The major problem with ADHD is that it's such a volatile thing because they still haven't figured out the exact brain science behind it. There is no physical sign in the human brain for it but it's not just a psychological thing either because it has to do with dopamine levels. And dopamine is tricky. One medication will help one person but not another. Sometimes it stops working. Sometimes the body adjust and the dosage needs to be raised. Sometimes the body adjusts so much that the medication loses effect completely.

For some people stimulants (Amphetamine, Methylphenidate) work. Others can use non-stimulant medication (i.e. Strattera). Not all drugs are licensed in all countries. Canadians and Americans have more options. For instance in Europe Vyvanse (Lisdexamfetamine) still isn't available.

Exercise and diet have some form of impact on ADHD (medication) as well but it's an ongoing debate as to how much exactly. Some claim supplements can help - omega fatty acids, glutamine, vitamins (I've been taking high amounts of Omega-3 and Omega-6 for a while now). ADHD is generally poorly researched in adults because for a long time it was believed to cease in adulthood.

With all this going on it is no small wonder a lot of ADHDers opt to ditch the meds and to continue muddling through.

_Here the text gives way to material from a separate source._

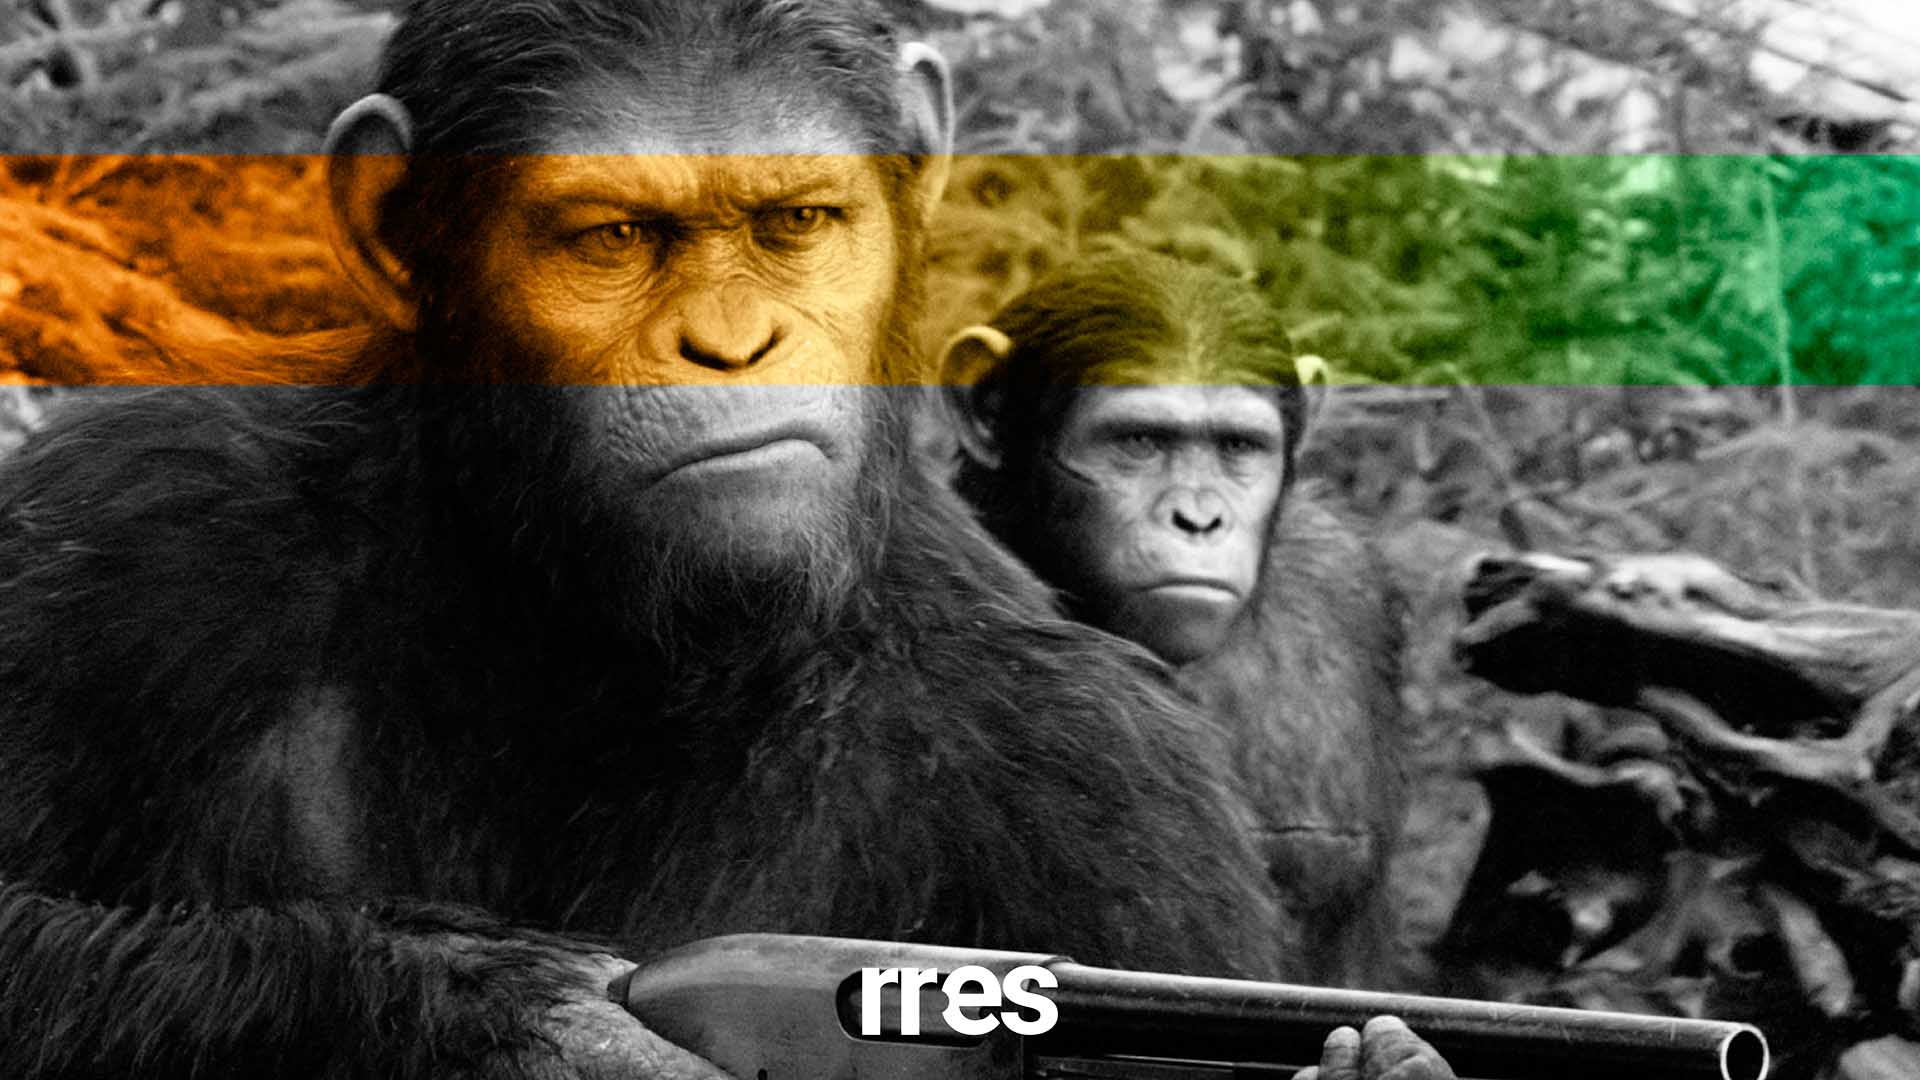 La rebelión de los monos, por Laureano Márquez P.

Experiment 1: The Med Holiday
I didn't take my meds for four days to reboot my system, basically. It went somewhat like this:

INT. COFFEE SHOP - DAY
Andie is sitting in a comfy chair, laptop open. Her friends has just left.

ANDIE (V.O.)
I want to get some work done like I usually do. Oh hai, looksie, there are people talking. What are they talking about? It sounds interesting. I'll just listen a bit. Oh wait, I wanted to work.

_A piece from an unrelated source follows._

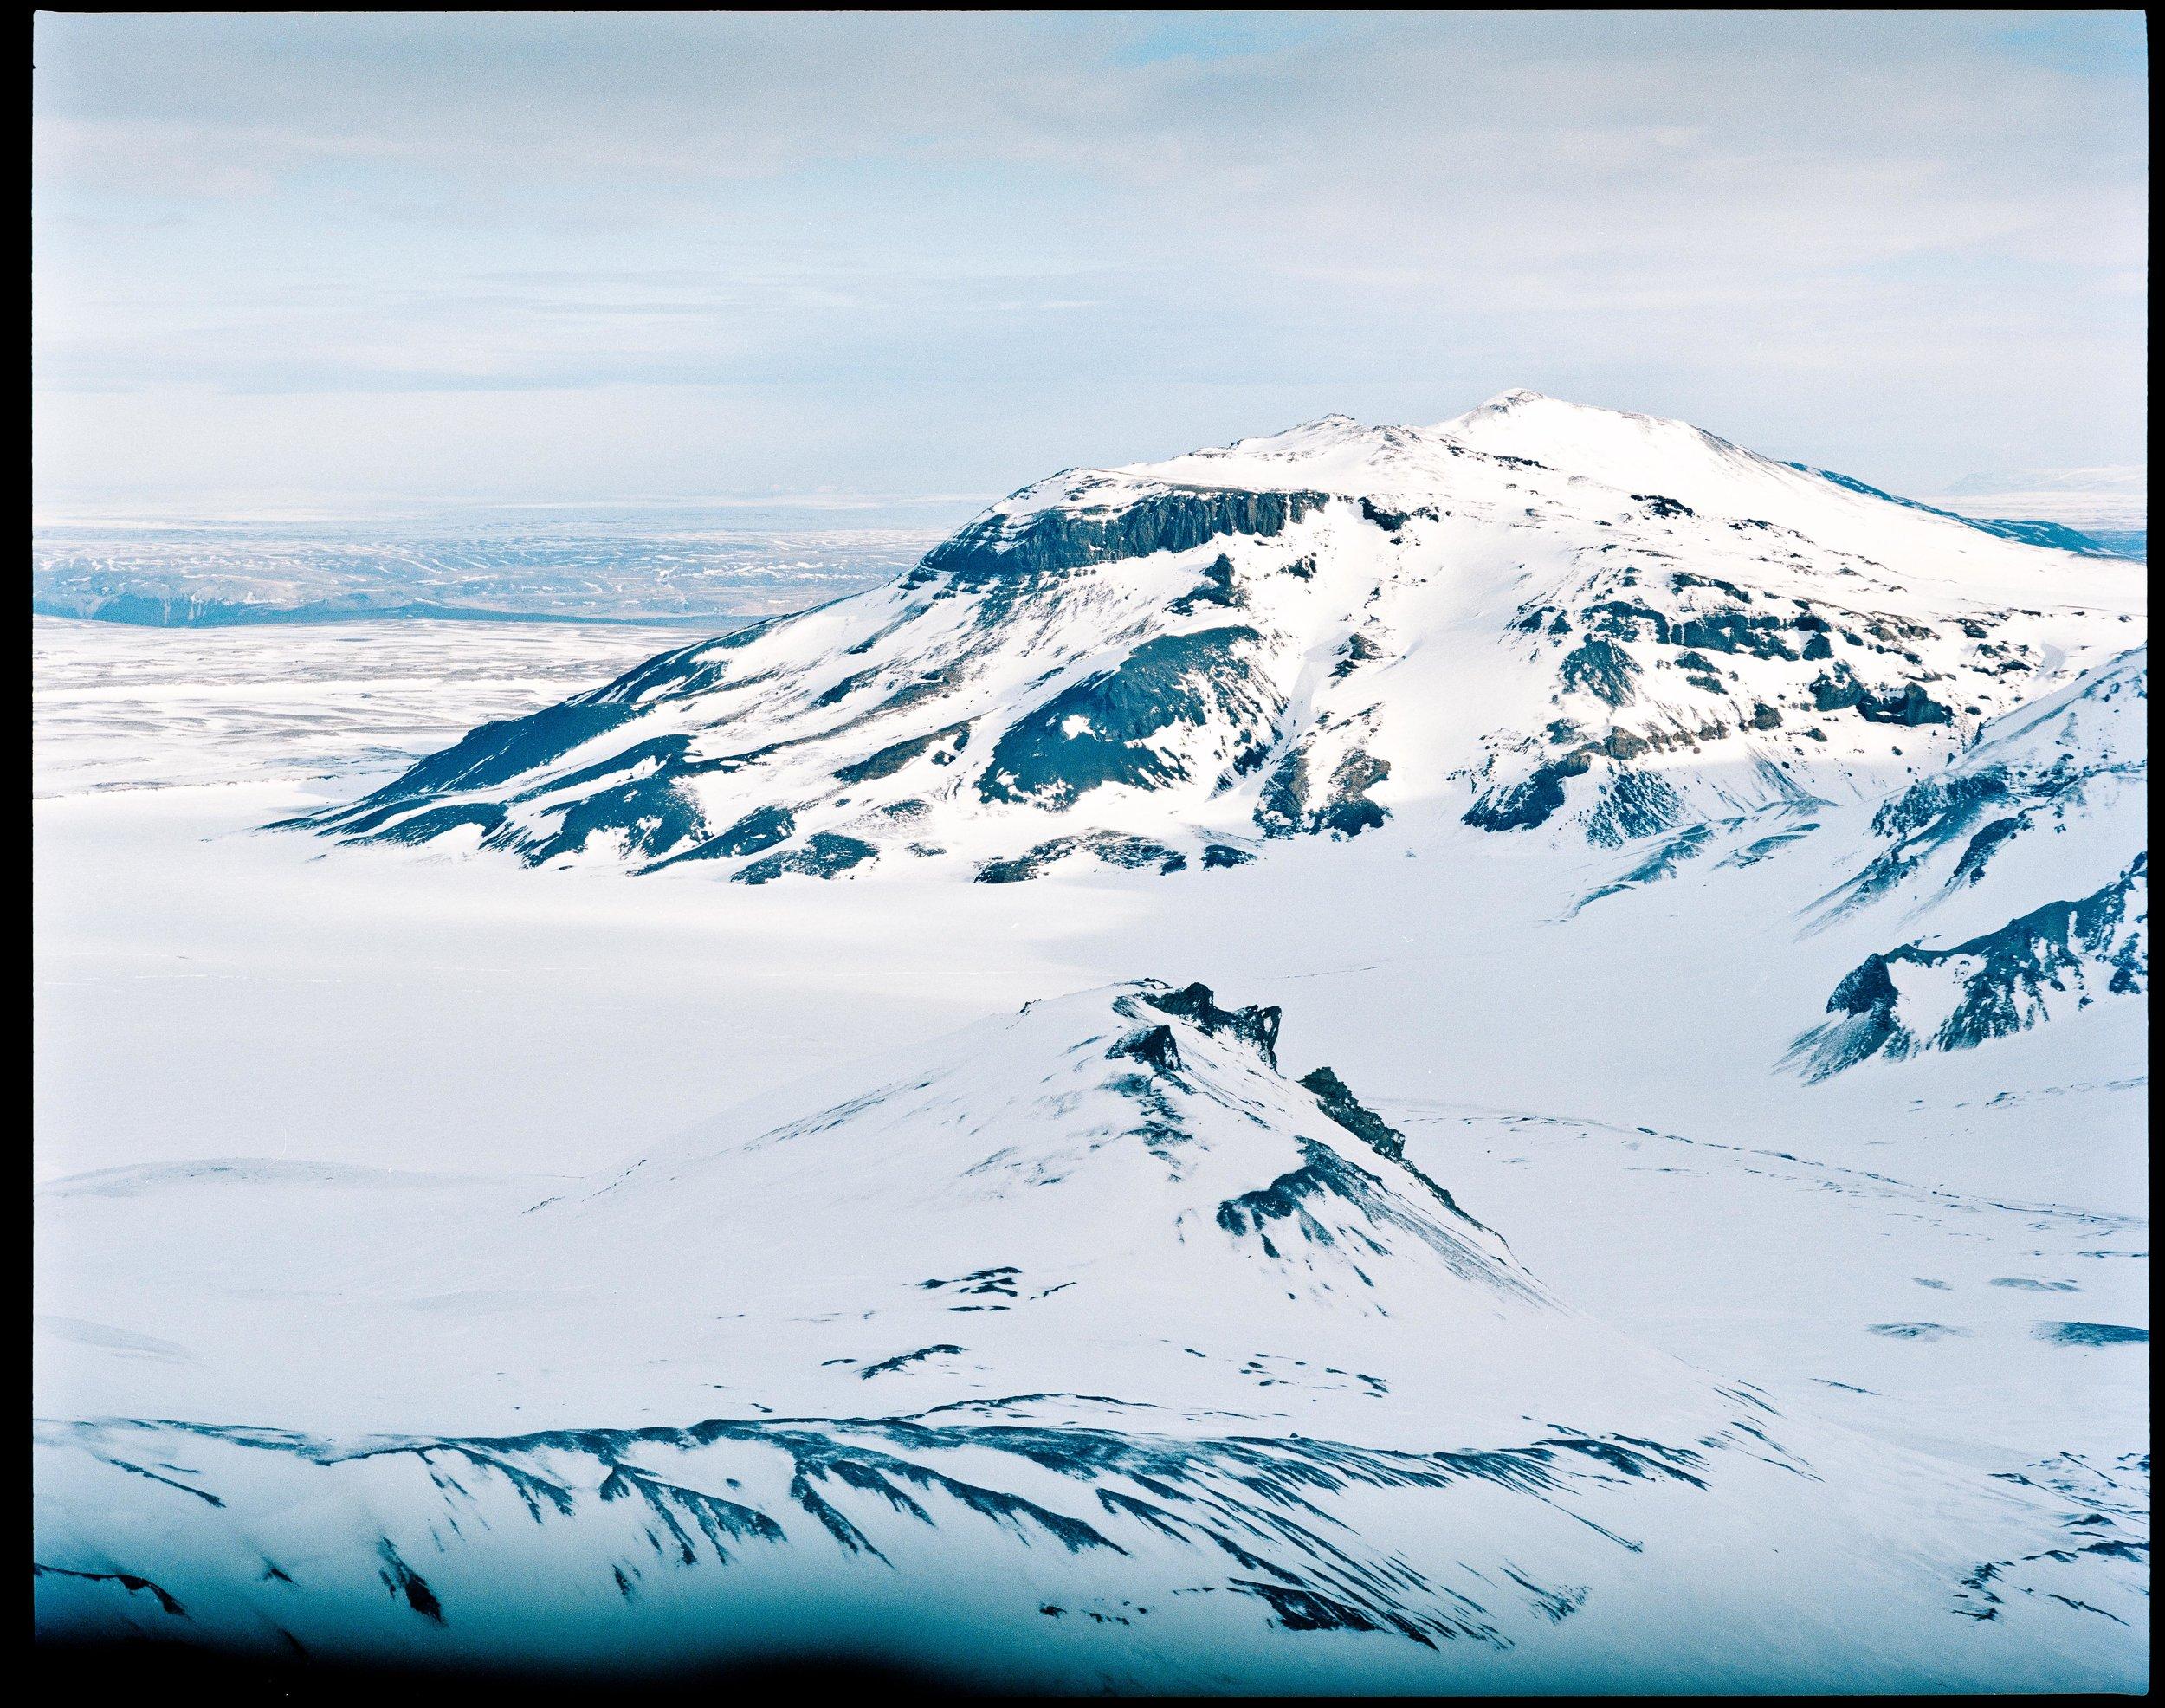 Þórisjökull 2018_Katrina Jane Perry-9.jpg

Andie opens her browser, mail client, twitter.

ANDIE (CONT.)
Oh look! Someone posted a video to twitter. Funny! Oh hai YouTube, you have more videos for me? Awesome! Oh people! Talking! Listen. Do I know her? She seems familiar. I could ask her if she's that girl I think she is. But what if that's weird? Also: I have work to do. She sounds like her too. I'll just ask her. Oh crap that was awkward. But at least now I know that I know her. Why does it help me to know that I know her? I think my pulse is really high. Is my pulse really high? I should get out of here, like, stat. Get home, calm down. Maybe going cold turkey is a bit crap.

After four days off of medication Andie has calmed down. All her ADHD symptoms are back but the anxiety is gone. She's also super sluggish and depressed and feels like she's not getting anything done. A lot of WoW is played during those days. All the food is eaten. Sleep is apparently overrated.

Experiment 2: Going Back on the Old Dosage - Monday 
After successfully having rebooted my system I started back on the 18 mg of Concerta. This proves a useful method for most people so it was worth a try.
Monday and Tuesday went pretty well. Uneventful.
On Wednesday I had some rebound and took a Ritalin booster in the evening.
Thursday I was PMS-ing like hell which always means less effect of medication.
Friday my period came in the morning and major anxiety struck in the afternoon, I supplemented with a booster and calmed down somewhat. It had become obvious that 18mg wasn't going to do it. Which led to...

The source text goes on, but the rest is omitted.